ASSIGNED TASK: Copy the listing below in full and skip every picture.

INPUT DATA:
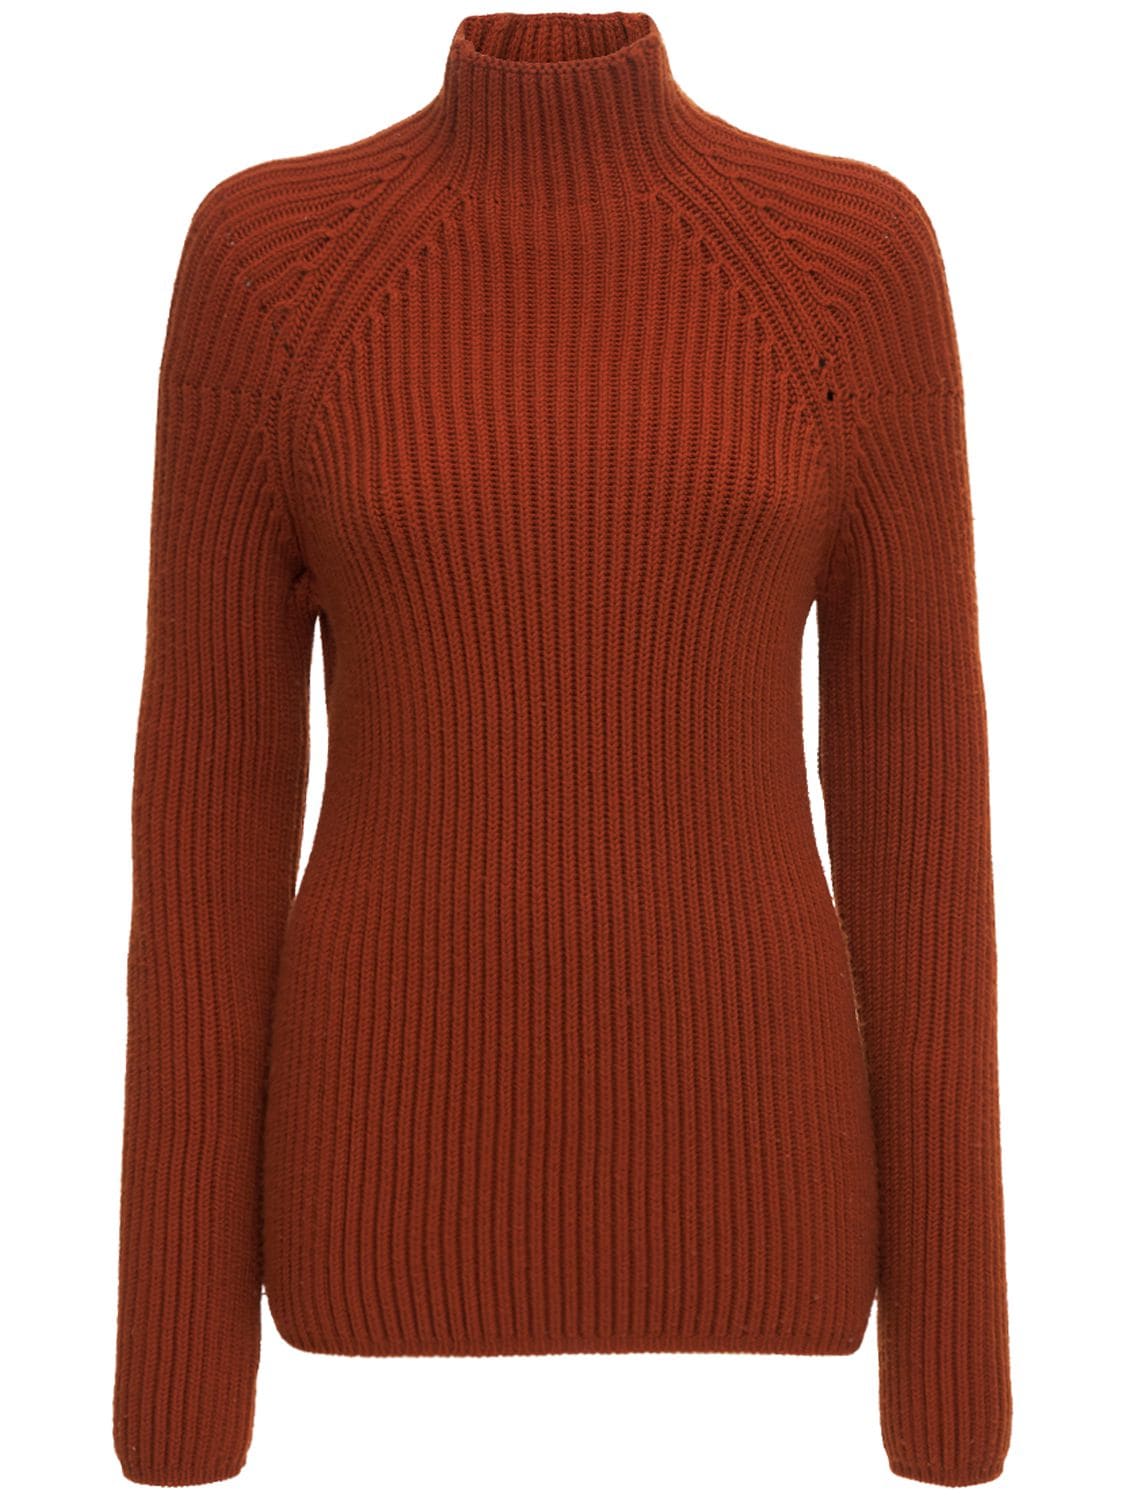 Yale Merino Wool Knit Rib Sweater
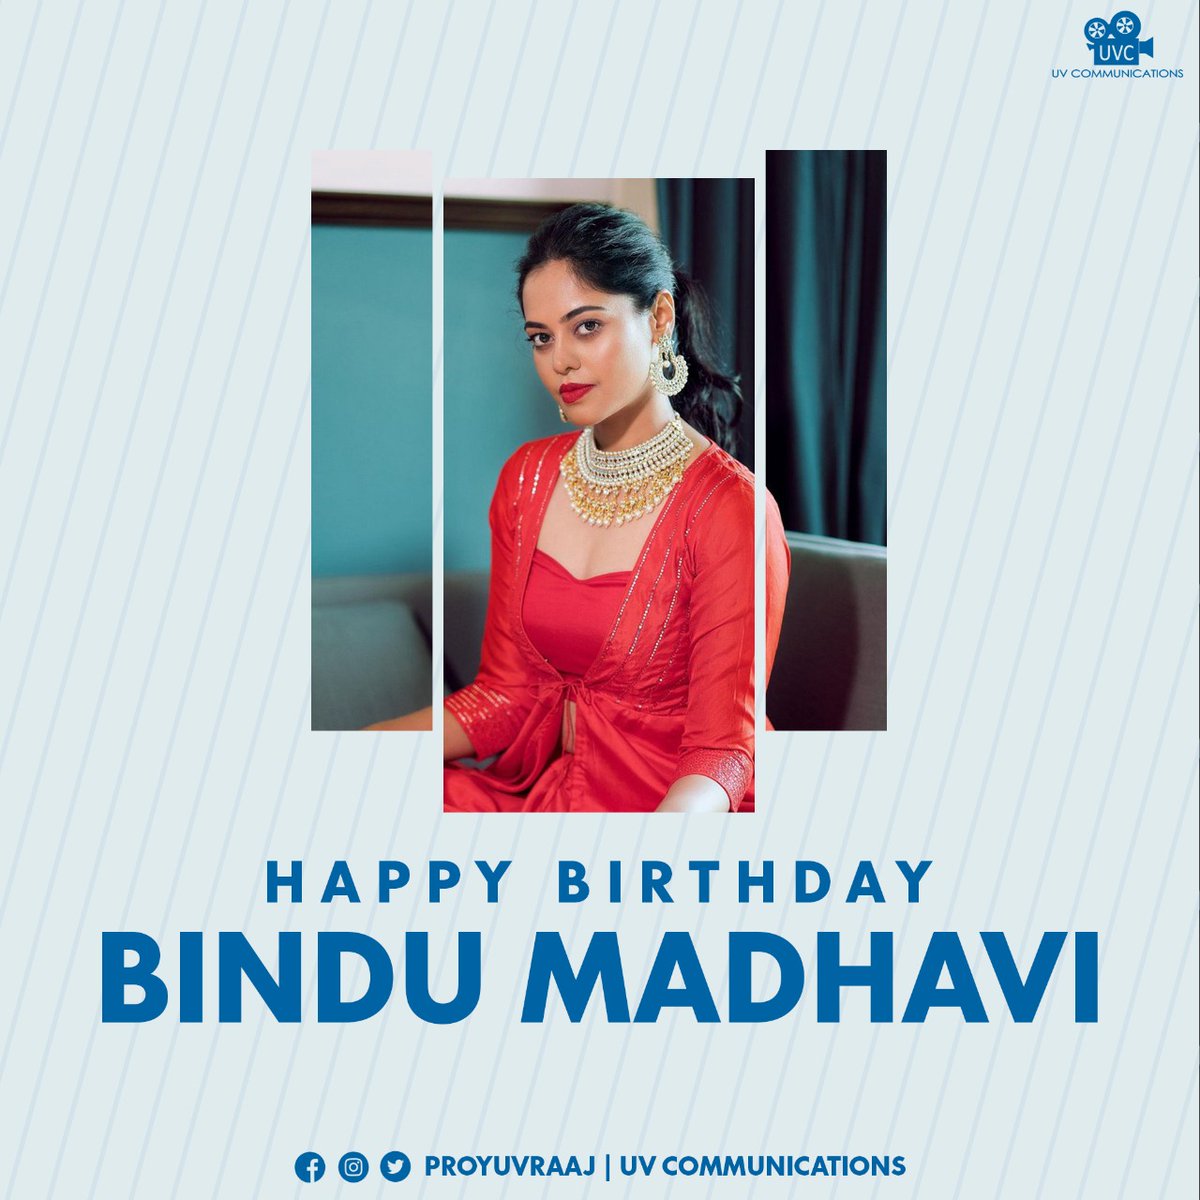 Wishing Actress #BindhuMadhavi mam a very happy birthday ! 🎊

#HBDBinduMadhavi
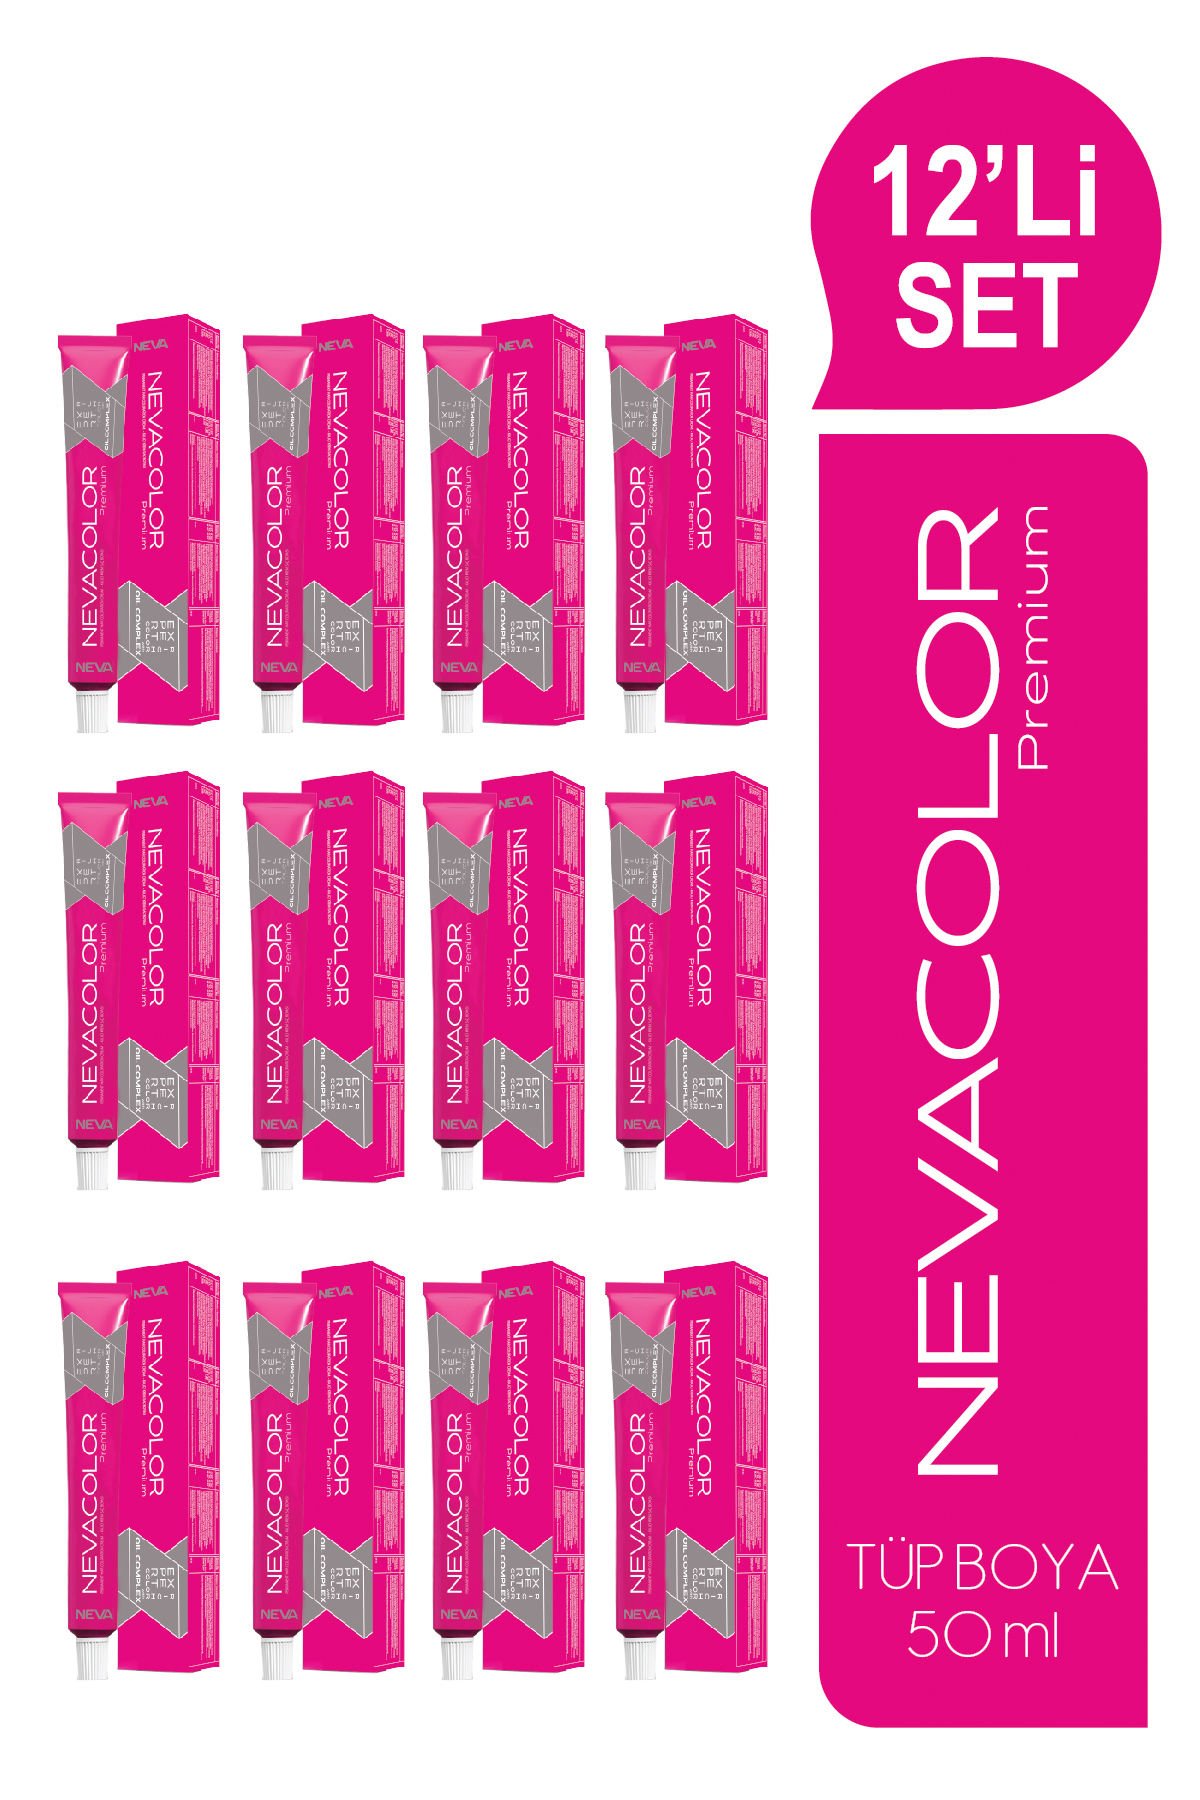 NEVACOLOR Premium 12'Lİ SET  3.4 KOYU KESTANE Kalıcı Krem Saç Boyası (50ml x 12 adet)

YOUR SOLUTION:
 Yale Merino Wool Knit Rib Sweater
 Wishing Actress #BindhuMadhavi mam a very happy birthday ! 🎊

#HBDBinduMadhavi
 NEVACOLOR Premium 12'Lİ SET  3.4 KOYU KESTANE Kalıcı Krem Saç Boyası (50ml x 12 adet)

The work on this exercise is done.